- Data segment
──────────
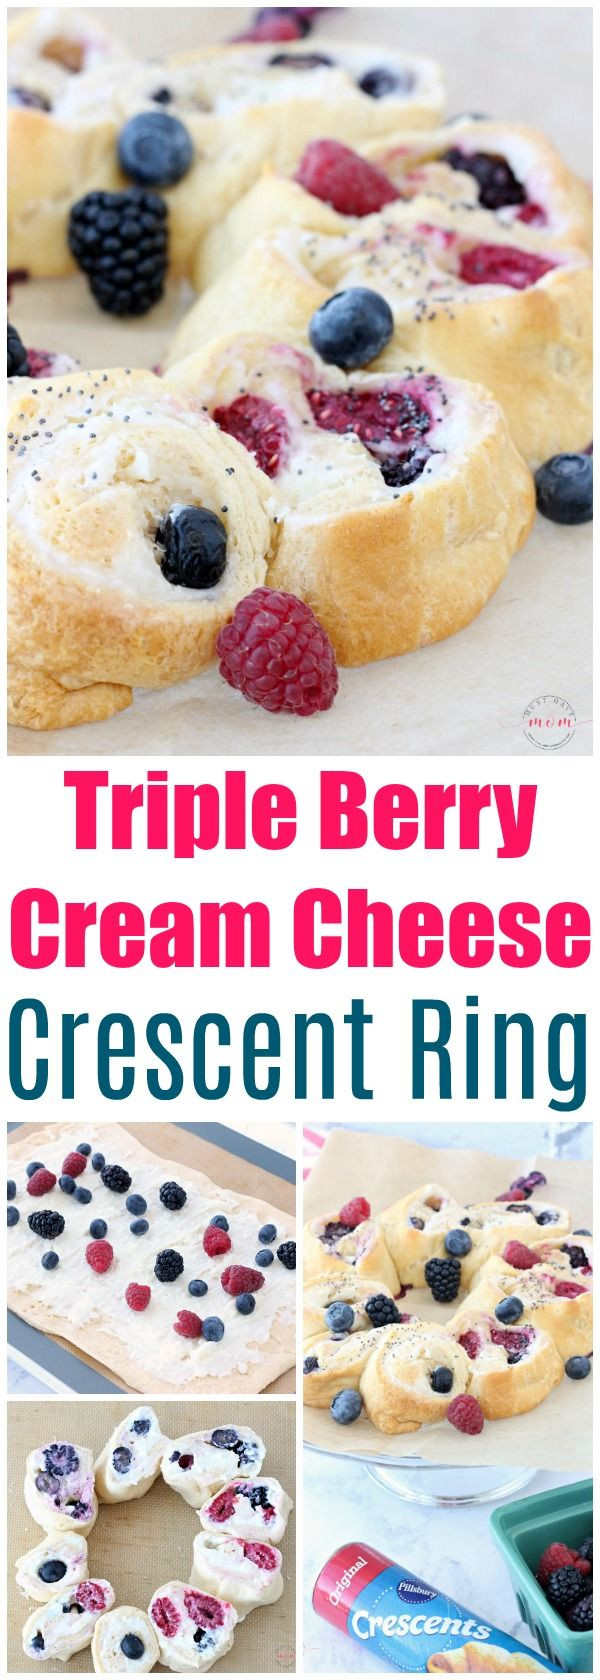 Pillsbury Crescent Roll Breakfast Recipe
 Triple berry cream cheese Pillsbury crescent roll
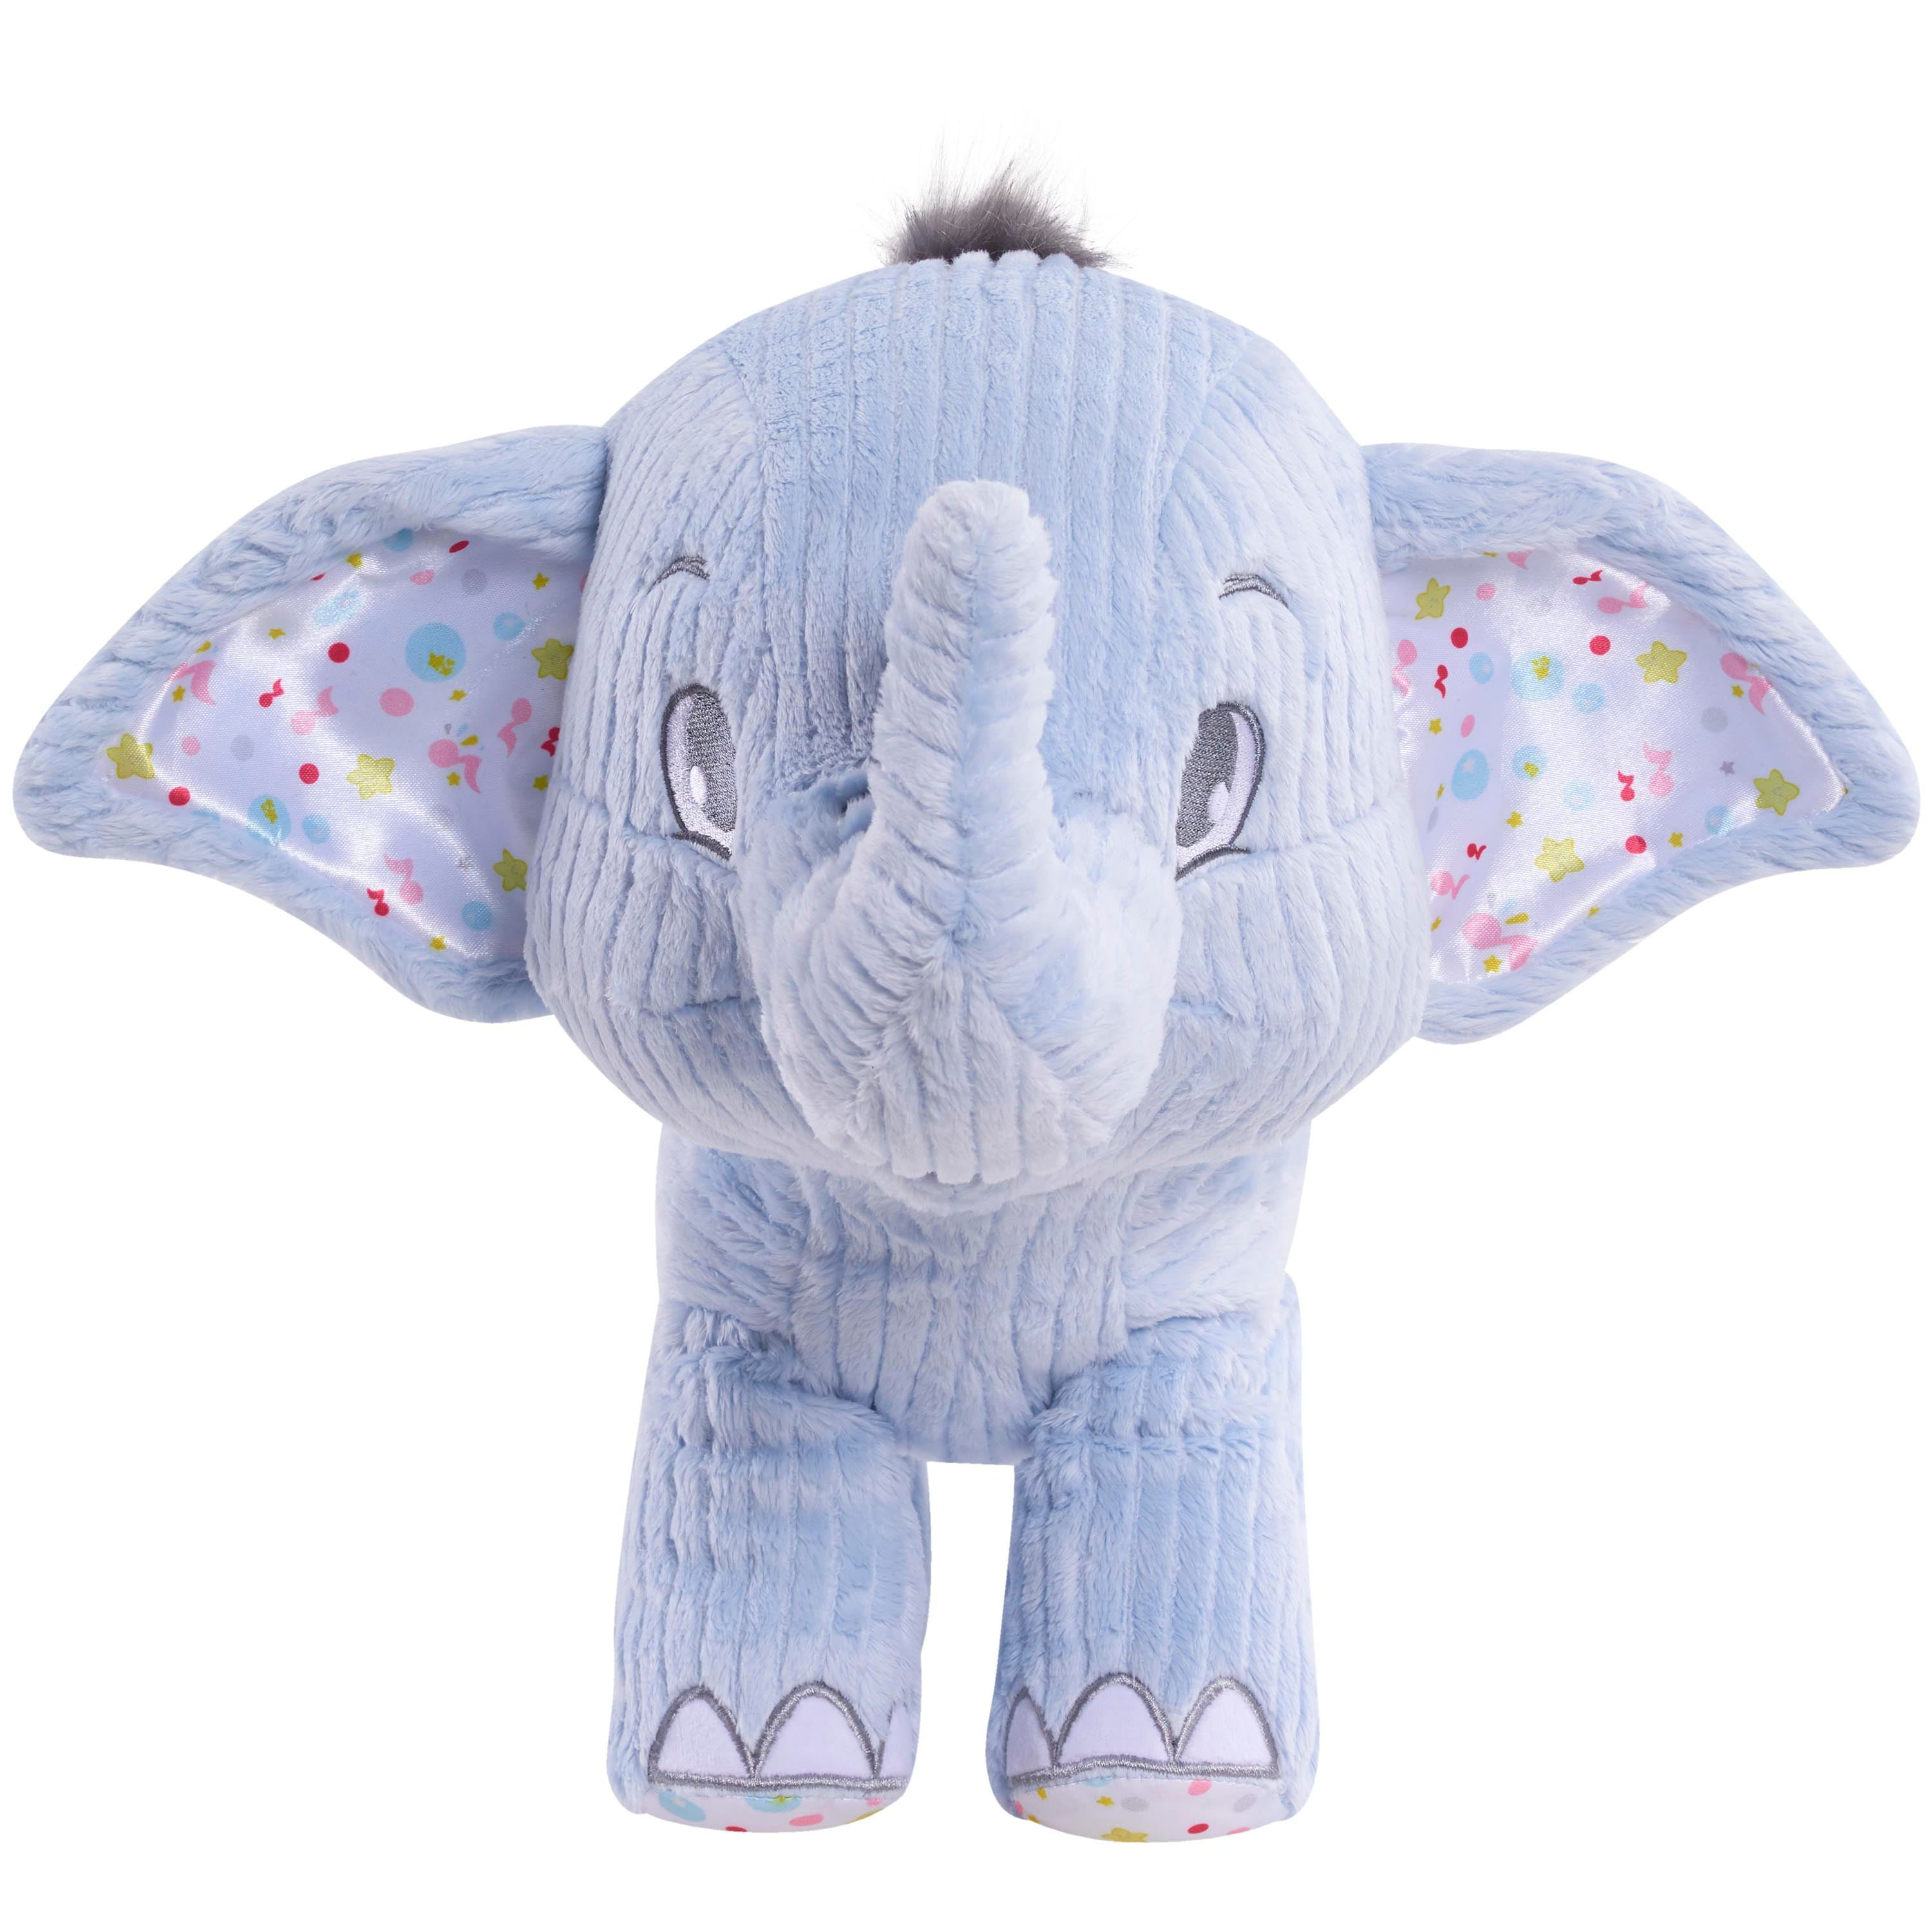 Elefantito Medium Plush with Sound Canticos Nickelodeon Little Elephant
──────────
- What the exercise asks
Reproduce all of the material exactly, apart from the pictures.

- Task answer
 Pillsbury Crescent Roll Breakfast Recipe
 Triple berry cream cheese Pillsbury crescent roll
 Elefantito Medium Plush with Sound Canticos Nickelodeon Little Elephant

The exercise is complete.